Enhancement of dissolution of nystatin from buccoadhesive tablets containing various surfactants and a solid dispersion formulation.

机构信息

Department of Pharmaceutics and Pharmaceutical Technology, Damascus University, Syria.

出版信息

Arch Pharm Res. 2010 Nov;33(11):1771-9. doi: 10.1007/s12272-010-1109-1. Epub 2010 Nov 30.

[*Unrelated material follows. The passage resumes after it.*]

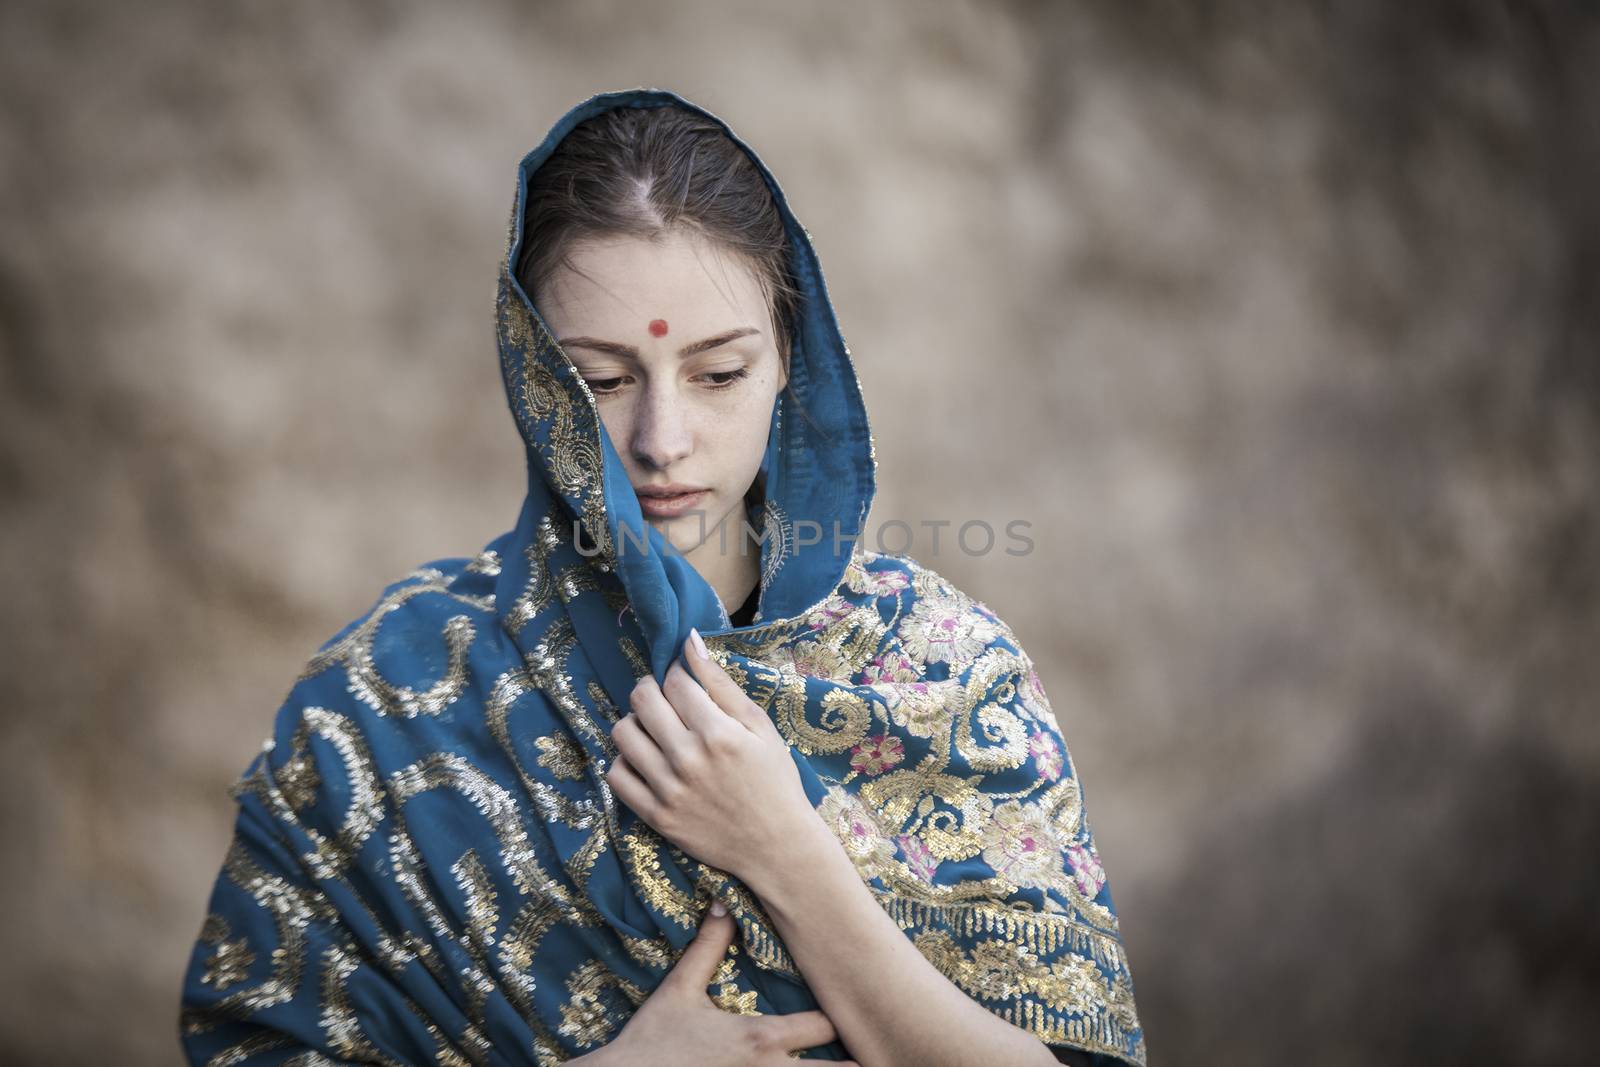 European Indian in sari by snep_photo
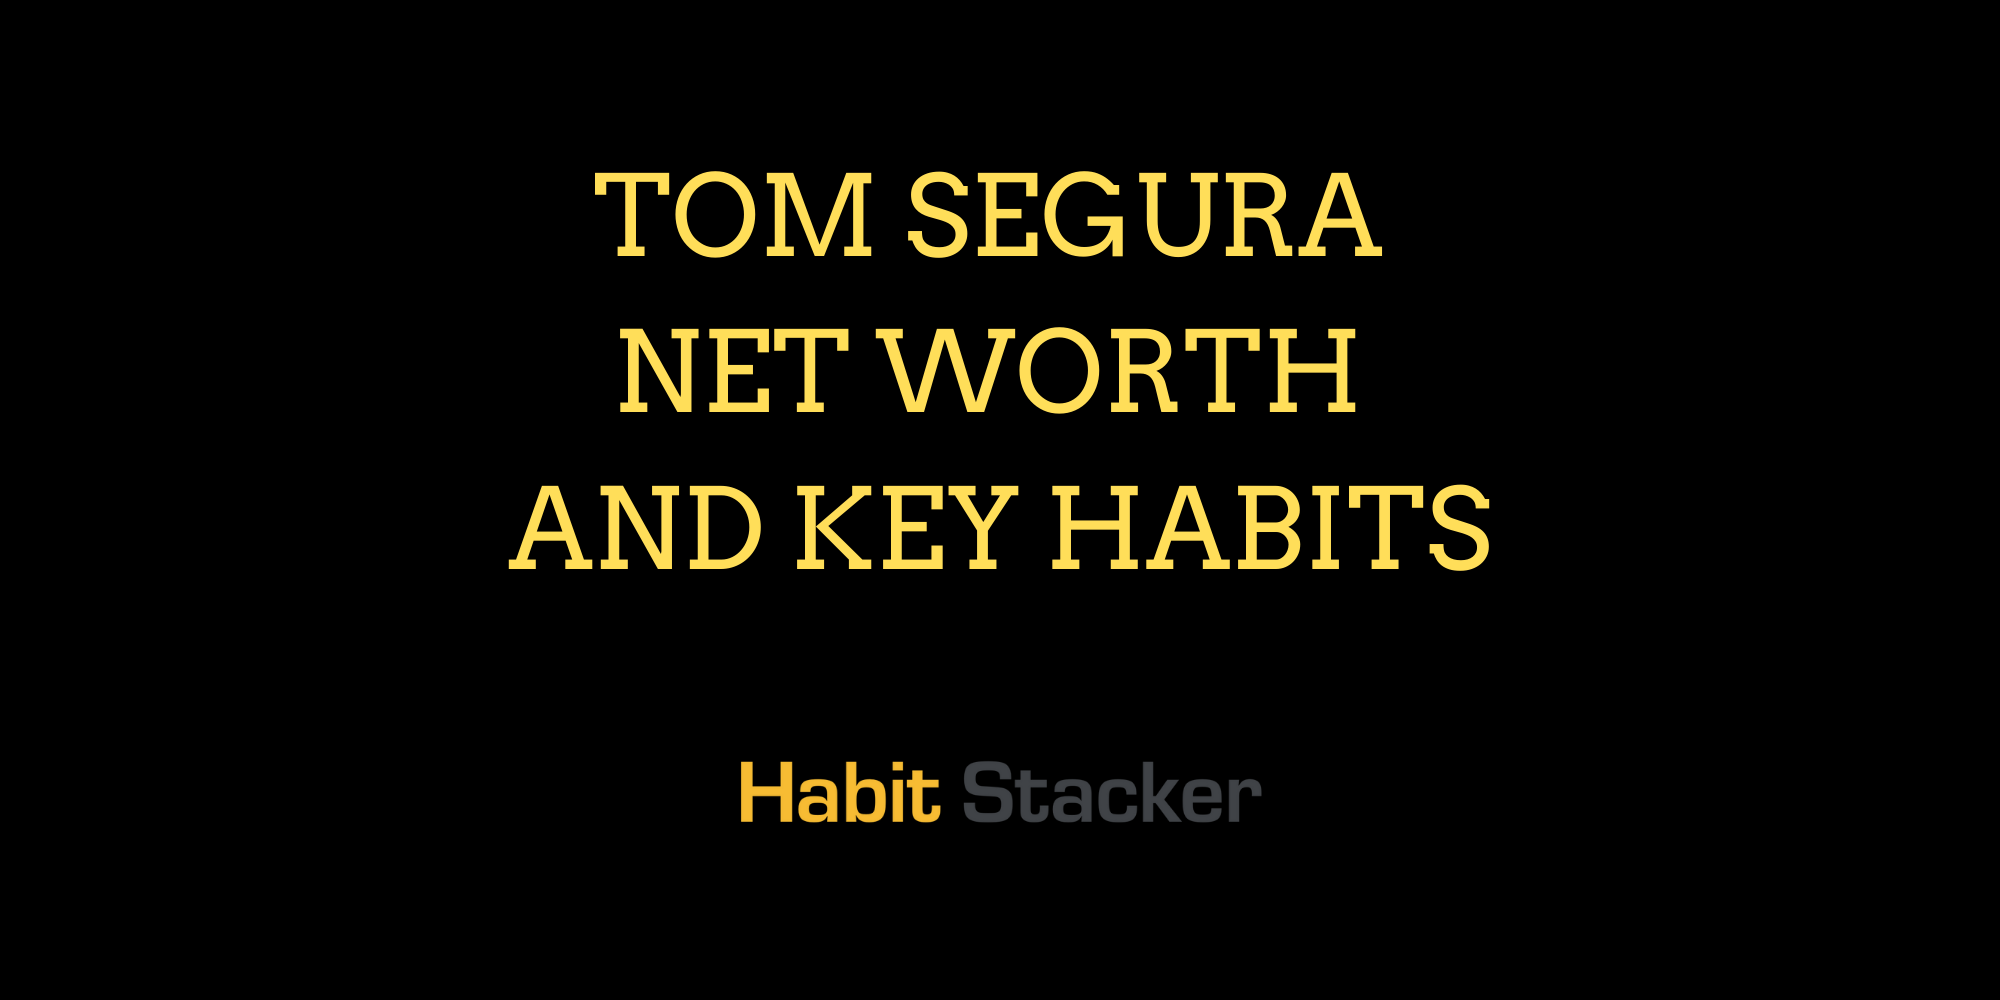 Tom Segura Net Worth and Key Habits

DOI:10.1007/s12272-010-1109-1
PMID:21116780
Abstract

Nystatin is commonly employed to treat fungal infections in the mouth. It is not absorbed via the stomach and it will therefore not treat fungal infections in any part of the body other than the mouth. Nystatin buccoadhesive tablets release the drug very slowly due to the poor solubility of nystatin in water and also the presence of polymers with mucoadhesive properties. Therefore, the aim of the present study was to improve drug release from buccoadhesive tablets, while retaining adequate mucoadhesive properties. To this end, a solid dispersion of nystatin: lactose (1:3) was prepared and mixed with xanthan. The effects of hydrophilic surfactants such as cremophor RH40 and Tween 80 on drug release and mucoadhesive properties of nystatin tablets were also investigated as were swelling and erosion indices and strength of bioadhesion in vitro to a biological membrane. The interaction between nystatin and lactose in solid dispersion formulation was investigated by XRPD, FT-IR and DSC. The results showed that a solid dispersion formulation and mucoadhesive tablets containing surfactants led to faster drug release than their simple physical mixtures. Drug release was also faster from a solid dispersion compared to tablets containing surfactants. Swelling and erosion results showed that tablets made of a solid dispersion swelled and eroded faster than a physical mixture formulation. The presence of surfactant slightly increased the degree of swelling and erosion of buccoadhesive tablets.

摘要

制霉菌素通常用于治疗口腔真菌感染。它不会被胃吸收,因此不会治疗身体其他部位(口腔除外)的真菌感染。制霉菌素颊黏附片由于制霉菌素在水中的溶解度差以及具有黏膜黏附特性的聚合物的存在,药物释放非常缓慢。因此,本研究的目的是改善颊黏附片中药物的释放,同时保持足够的黏膜黏附特性。为此,制备了制霉菌素:乳糖(1:3)的固体分散体,并与黄原胶混合。还研究了亲水性表面活性剂如 Cremophor RH40 和吐温 80 对制霉菌素片剂的药物释放和黏膜黏附特性的影响,以及体外对生物膜的膨胀和侵蚀指数和生物黏附强度。通过 X 射线粉末衍射(XRPD)、傅里叶变换红外光谱(FT-IR)和差示扫描量热法(DSC)研究了固体分散体制剂中制霉菌素与乳糖之间的相互作用。结果表明,与简单的物理混合物相比,含有表面活性剂的固体分散体制剂和黏膜黏附片导致药物释放更快。与含有表面活性剂的片剂相比,固体分散体的药物释放也更快。膨胀和侵蚀结果表明,固体分散体片剂的膨胀和侵蚀速度快于物理混合物制剂。表面活性剂的存在略微增加了颊黏附片的溶胀和侵蚀程度。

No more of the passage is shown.